1. Semantic scope and imaging modalities
In the periodontal and endodontic literature represented here, PerioXrays spans both periapical radiographs and panoramic radiographs, with different tasks attached to each modality. Periapical radiographs are repeatedly treated as central for local disease analysis: Dental CLAIRES states that periapical radiographs are a “gold standard” for diagnosing periodontitis because they capture detailed anatomical structure and bony defects and are available in almost all dental clinics (Kabir et al., 2023). PRAD-10K similarly describes periapical radiographs as the most extensively utilized imaging modality in endodontics and periodontics because they capture detailed local lesions at low cost (Zhou et al., 10 Apr 2025). Intraoral periapical radiographs are also the exclusive modality in the DenPAR study for automated alveolar bone-loss severity and pattern analysis (Wimalasiri et al., 25 Jun 2025), and in the YOLOv8-pose keypoint pipeline for periodontal bone-loss analysis (Banks et al., 5 Mar 2025).

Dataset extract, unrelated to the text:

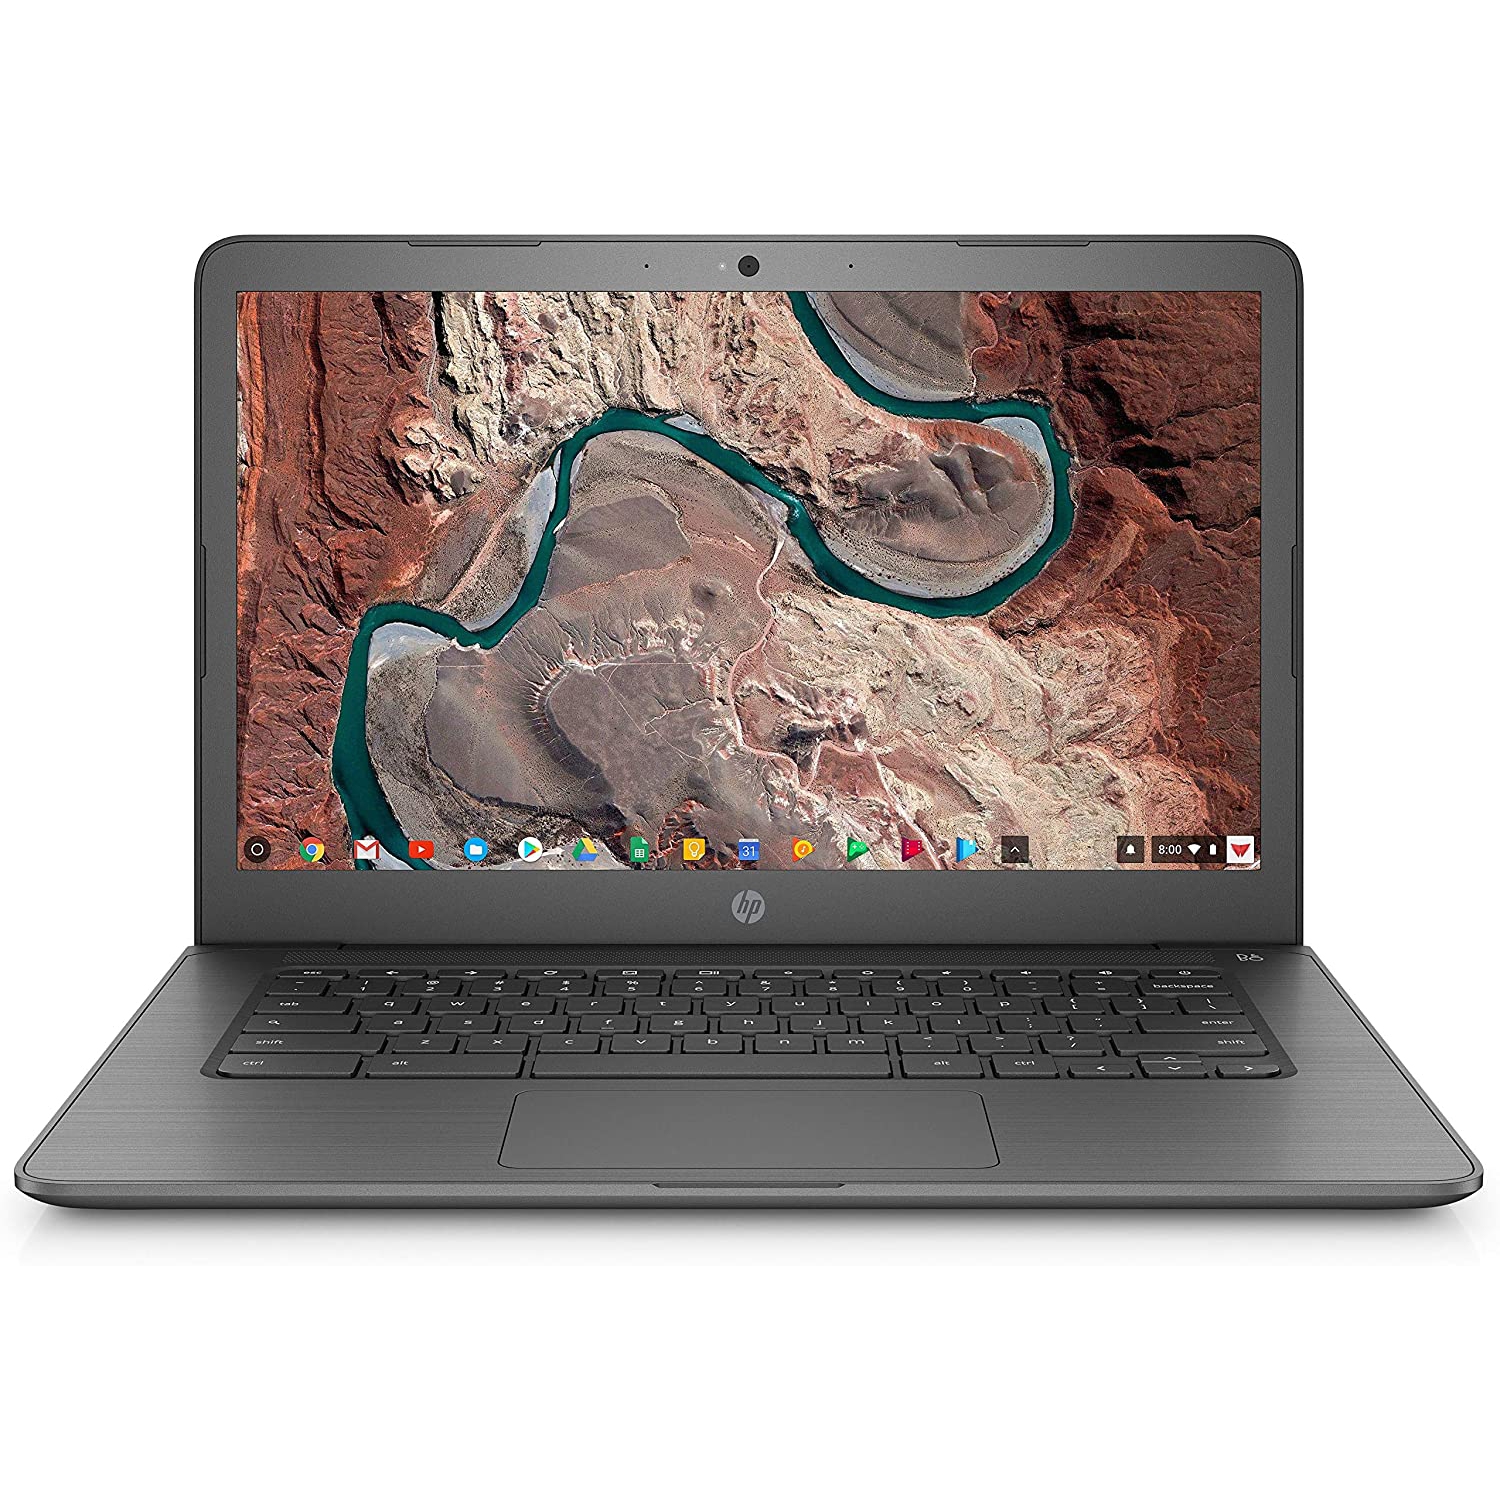 HP 14" Chromebook Laptop Intel Dual Core N3350 32GB 4GB Chrome OS GRAY Refurbished Excellent

Panoramic radiographs occupy a complementary role. In PerioDet, PerioXrays is the panoramic benchmark dataset itself, comprising annotated orthopantomograms for apical periodontitis detection (Fang et al., 25 Jul 2025). Panoramic images are also the input modality for several 2D-to-3D reconstruction studies, including 3DPX and PX2Tooth, which aim to recover 3D oral structure from a single panoramic X-ray (Li et al., 2024, Ma et al., 2024). This suggests that, within current usage, PerioXrays is not a single imaging protocol but a modality-specific research program spanning local periapical diagnosis, panoramic lesion detection, and even CT-like or point-cloud reconstruction from 2D radiographs.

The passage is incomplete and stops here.